At the weekend, the UK was greeted by glorious, scorching hot sun.
While this may not sound that unusual – it is August, after all! – it was the first few days of sunshine we’d enjoyed for a long time. Almost the entire summer, in fact. Plus, it was a bank holiday – and we rarely enjoy hot bank holidays in this country!
So, as you can imagine, the second the sun peeked out from behind those fluffy August clouds, I ran to the kitchen to make ice cream to celebrate.
I hadn’t intended to make ice creams. After all, just a few days before, I had been snuggled up in my winter jumpers! So, I had to make do with what was in my fridge and freezer, and these were the result.
Delicious, simple Mango & Lime Ice Creams.
These ice creams are beautifully simple to make, and most of you will have everything to hand (or at least in your food cupboard!) already.
All you need is cashews, coconut milk, mango, lime and your sweetener of choice and you’re ready to go! I also added a teeny sprinkling of turmeric to these for the anti-inflammatory goodness, as well as the beautiful colouring. However, you can omit if you like! It doesn’t affect the taste, and you’re still left with delicious, dairy-free mango ice cream goodness in just minutes.

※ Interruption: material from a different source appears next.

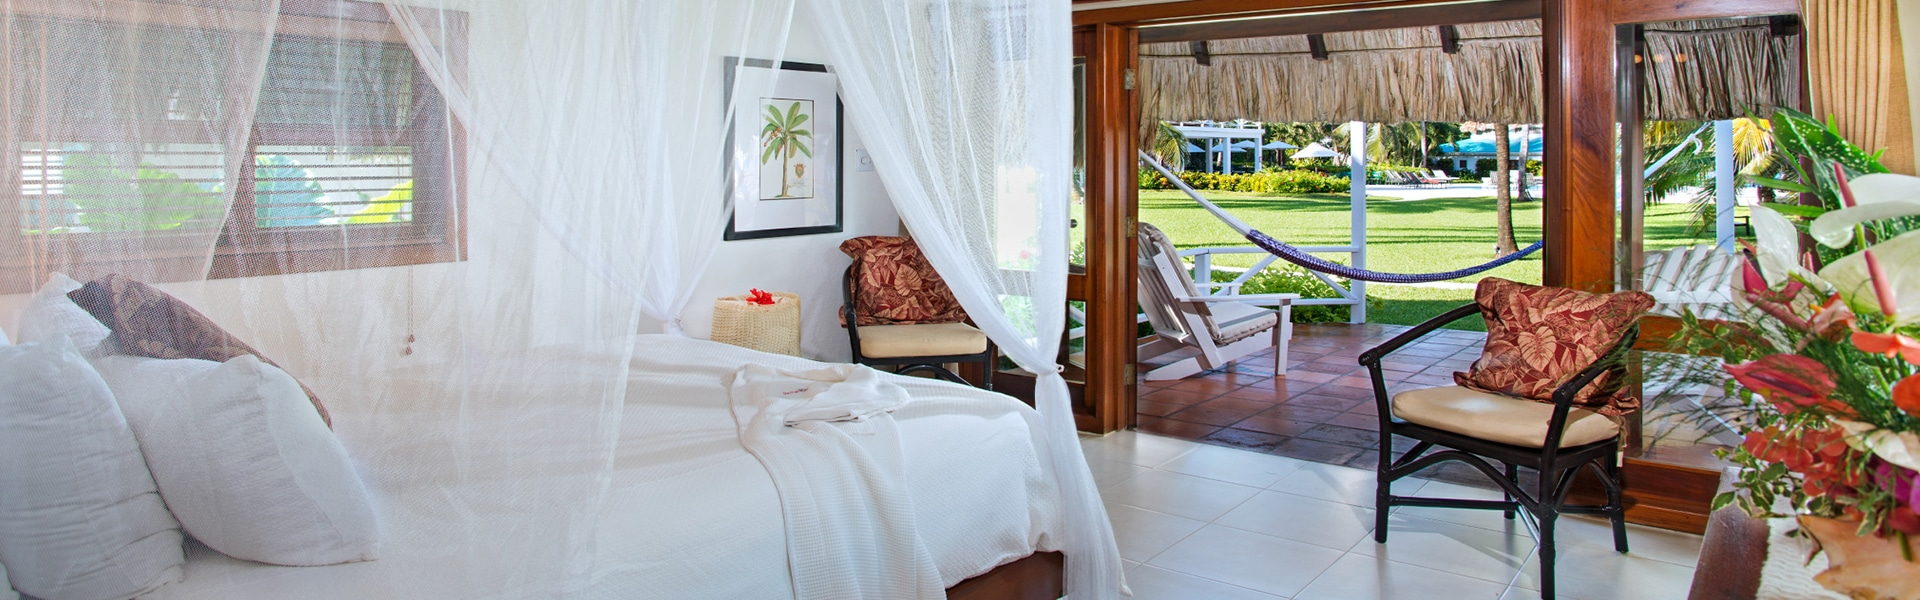 Victoria house beach resort housekeeping

These ice creams are also perfect for those sweet-toothed toddlers who are hungry every few minutes and who are never quite satisfied with snacks of vegetable sticks or fruit. Great for tricking them into thinking they’ve got something slightly more sinful than they really do!
If you can’t possibly wait, then these ice creams can be eaten straight from the blender. However, if you have a teensy bit of patience, then wait your time and enjoy them in ice cream moulds.
I always love to eat ice cream in lolly or popsicle form because it feels that bit much more fun, and appeals to my inner child!
Do you have a favourite ice cream recipe? Share it with me below!
Mango, White Chocolate & Lime Ice Creams
- Makes ten small ice creams –
- 3 cups ripe mango, chopped (use frozen mango if you want to eat immediately)
- 1 tin full-fat coconut milk
- Large handful cashews, soaked in water 4-6 hours
- 3 tbsp dairy-free yoghurt (I used Alpro)
- 3 tbsp maple syrup
- Juice and zest one lime
- 2 tsp – 1 tbsp Alchemy SuperBlends Energy Elixir (optional)
- 1 tsp agar agar powder (optional, but keeps it creamy!)
- Pinch Lucy Bee turmeric (optional)
- To serve: 1/4 cup melted white chocolate (vegan if desired)
- Place your ingredients into a high-powered blender and blitz until totally smooth and creamy. Taste and adjust sweetness / mango flavour as desired.
- Churn according to your ice cream maker’s instructions, and eat immediately. OR spoon straight into silicone ice cream moulds and freeze overnight.
- Remove from the freezer five minutes or so before eating, pop from the moulds and drizzle with melted white chocolate. Enjoy!